● **What is expected**:
Nothing but the lines from the one containing "Future Johnson's show" through the end of the data below may appear in the response, each one exact.

● **Items from a dataset**:
□ □ □ □ □
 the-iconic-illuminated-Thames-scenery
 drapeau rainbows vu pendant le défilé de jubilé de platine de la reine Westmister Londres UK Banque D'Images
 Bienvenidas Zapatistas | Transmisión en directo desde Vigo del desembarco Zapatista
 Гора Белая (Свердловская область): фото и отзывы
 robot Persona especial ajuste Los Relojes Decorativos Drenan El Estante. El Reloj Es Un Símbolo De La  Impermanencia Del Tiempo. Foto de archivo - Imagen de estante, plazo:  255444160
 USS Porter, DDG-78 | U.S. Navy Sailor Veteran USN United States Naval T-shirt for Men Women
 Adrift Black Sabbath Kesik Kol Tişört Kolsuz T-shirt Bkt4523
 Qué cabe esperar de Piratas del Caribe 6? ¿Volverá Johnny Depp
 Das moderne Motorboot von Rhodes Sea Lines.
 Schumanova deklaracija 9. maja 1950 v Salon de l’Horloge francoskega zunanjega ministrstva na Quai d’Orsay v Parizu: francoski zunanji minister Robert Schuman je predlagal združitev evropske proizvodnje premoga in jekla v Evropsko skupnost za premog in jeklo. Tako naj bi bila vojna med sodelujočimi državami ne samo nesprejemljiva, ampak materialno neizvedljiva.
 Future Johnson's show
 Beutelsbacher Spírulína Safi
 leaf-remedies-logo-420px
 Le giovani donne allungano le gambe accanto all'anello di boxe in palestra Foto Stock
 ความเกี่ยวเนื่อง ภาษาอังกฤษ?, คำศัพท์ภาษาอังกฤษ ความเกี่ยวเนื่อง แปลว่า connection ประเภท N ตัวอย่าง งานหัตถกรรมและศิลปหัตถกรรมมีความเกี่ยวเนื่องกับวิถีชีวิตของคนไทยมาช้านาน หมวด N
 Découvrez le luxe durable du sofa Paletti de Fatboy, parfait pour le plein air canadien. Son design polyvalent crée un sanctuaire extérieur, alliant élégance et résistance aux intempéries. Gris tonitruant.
□ □ □ □ □
● **Solution to this task**:
 Future Johnson's show
 Beutelsbacher Spírulína Safi
 leaf-remedies-logo-420px
 Le giovani donne allungano le gambe accanto all'anello di boxe in palestra Foto Stock
 ความเกี่ยวเนื่อง ภาษาอังกฤษ?, คำศัพท์ภาษาอังกฤษ ความเกี่ยวเนื่อง แปลว่า connection ประเภท N ตัวอย่าง งานหัตถกรรมและศิลปหัตถกรรมมีความเกี่ยวเนื่องกับวิถีชีวิตของคนไทยมาช้านาน หมวด N
 Découvrez le luxe durable du sofa Paletti de Fatboy, parfait pour le plein air canadien. Son design polyvalent crée un sanctuaire extérieur, alliant élégance et résistance aux intempéries. Gris tonitruant.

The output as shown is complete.